> Dataset entries:
+ + + +

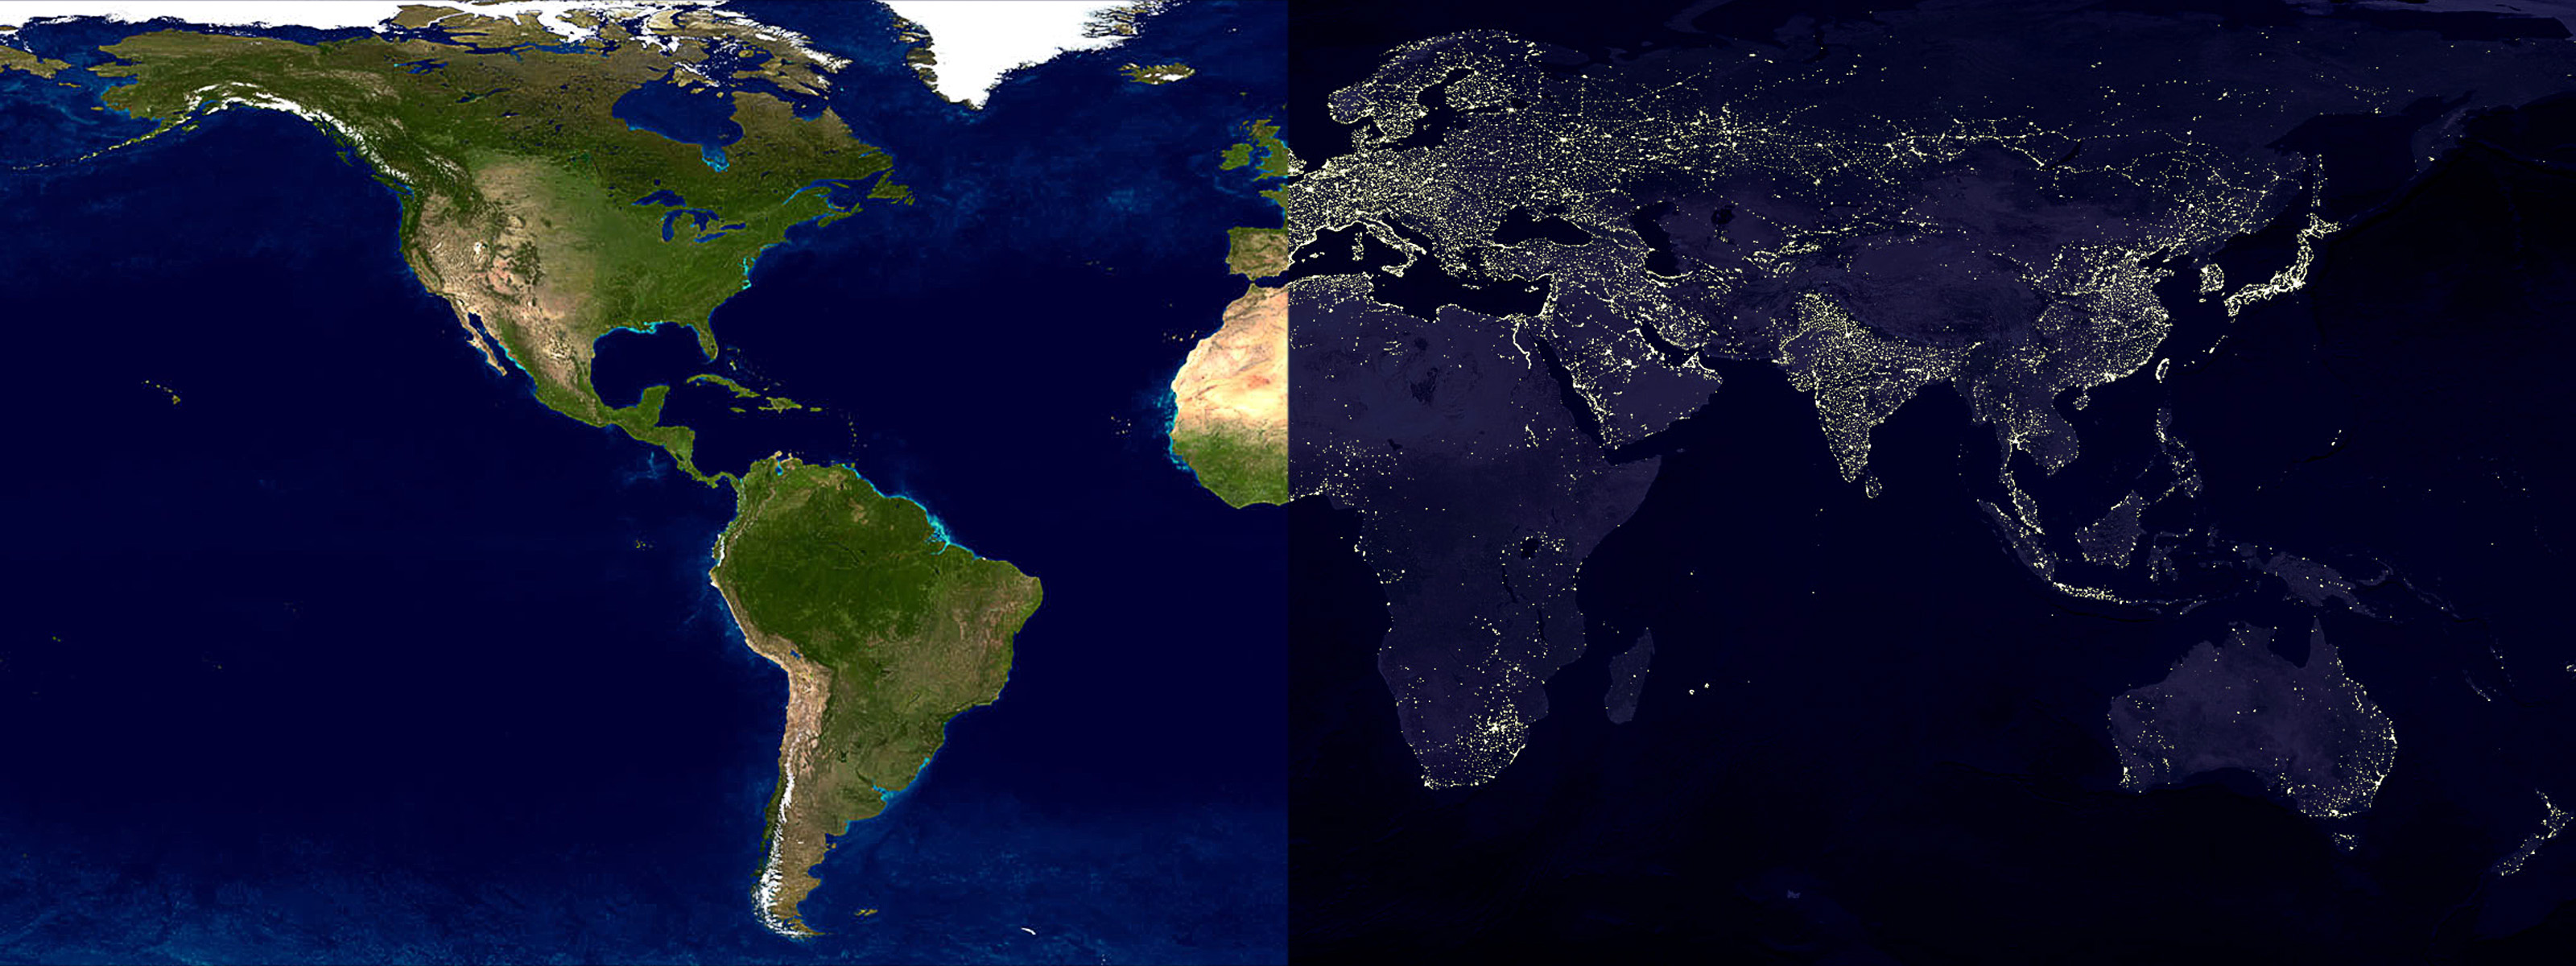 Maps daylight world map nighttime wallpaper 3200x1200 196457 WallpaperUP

+ + + +

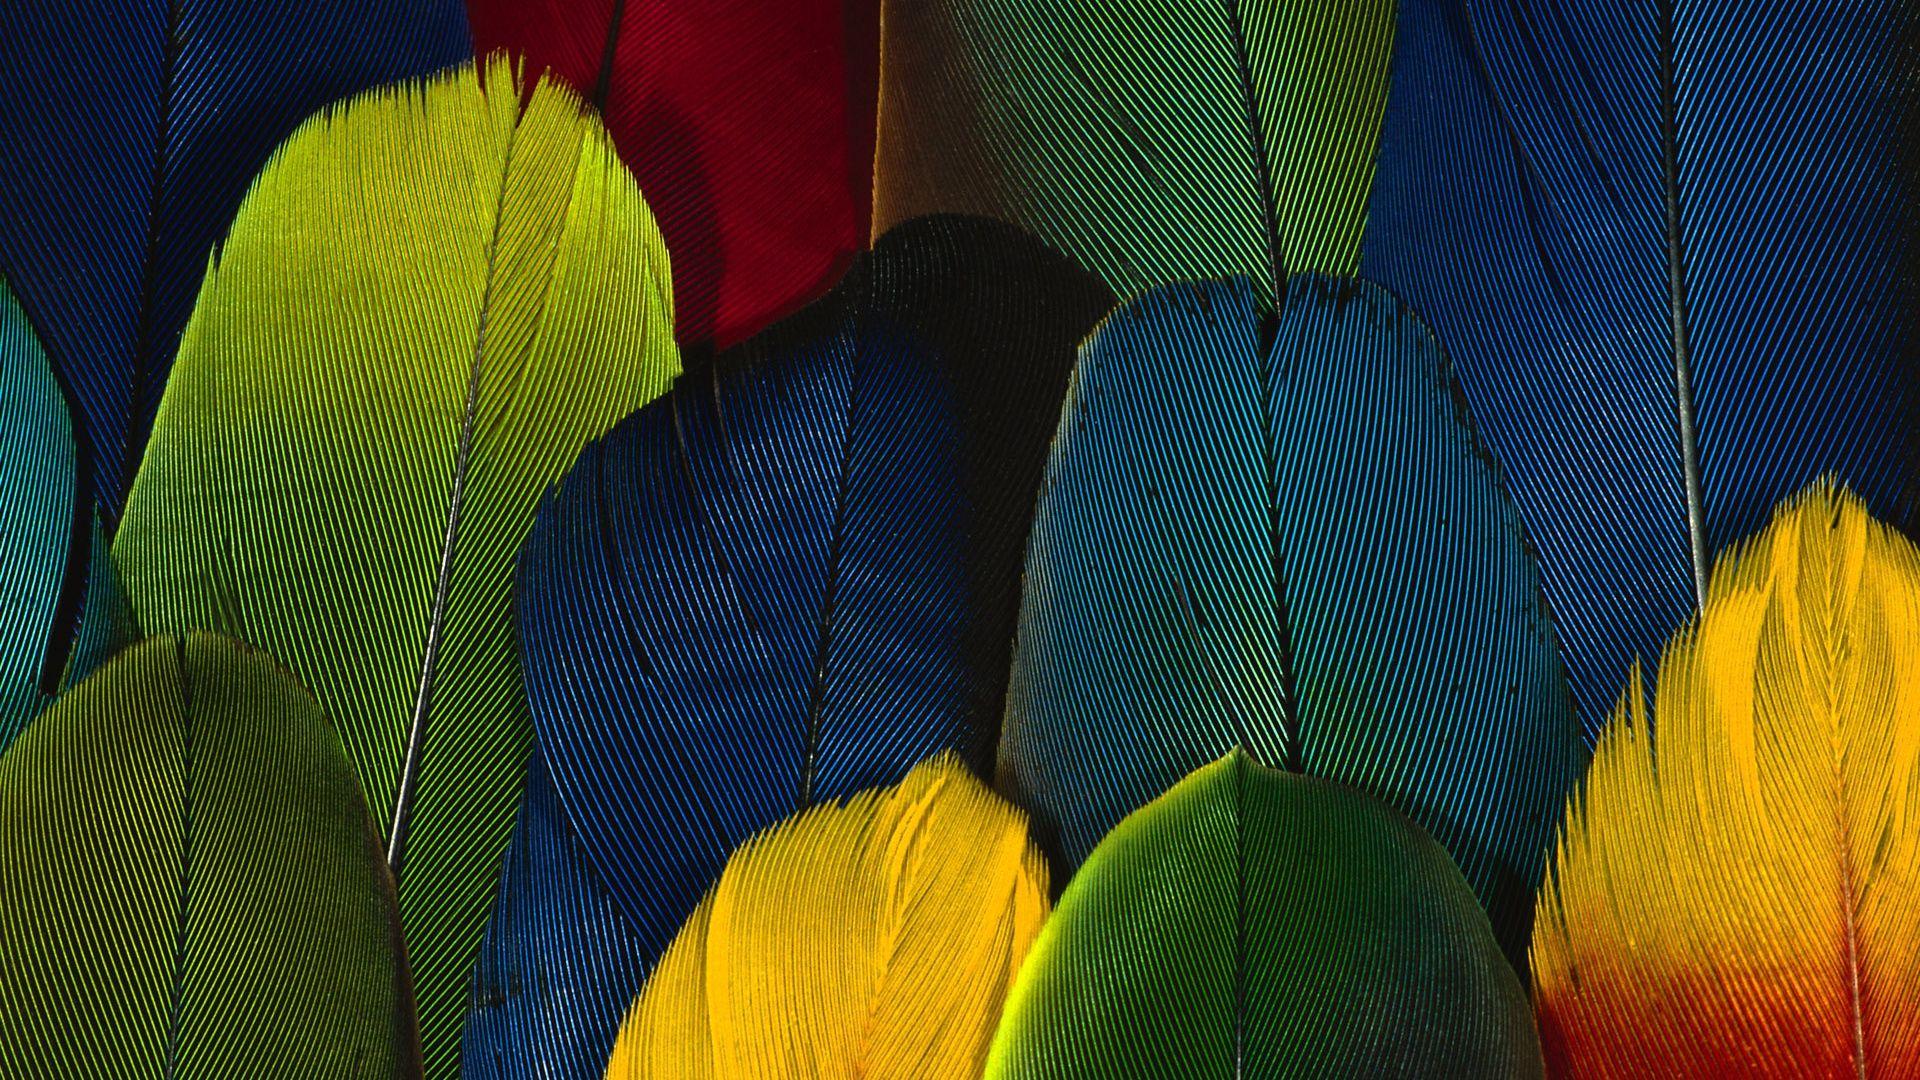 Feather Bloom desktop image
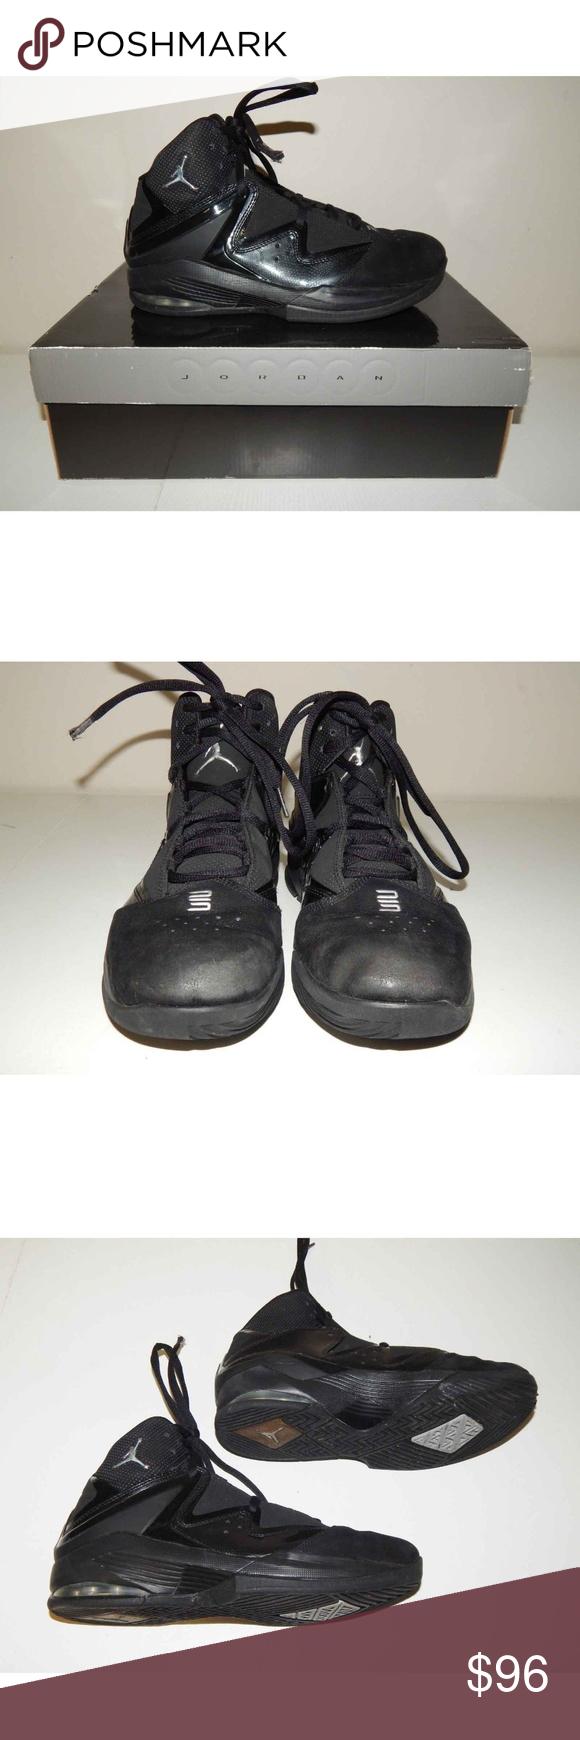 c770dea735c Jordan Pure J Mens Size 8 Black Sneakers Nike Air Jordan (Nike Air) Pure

+ + + +

In the listing above, find the line with "Feather Bloom desktop image" and the line with "c770dea735c Jordan Pure". Copy exactly those two and every line between, without the pictures.

 Feather Bloom desktop image
 c770dea735c Jordan Pure J Mens Size 8 Black Sneakers Nike Air Jordan (Nike Air) Pure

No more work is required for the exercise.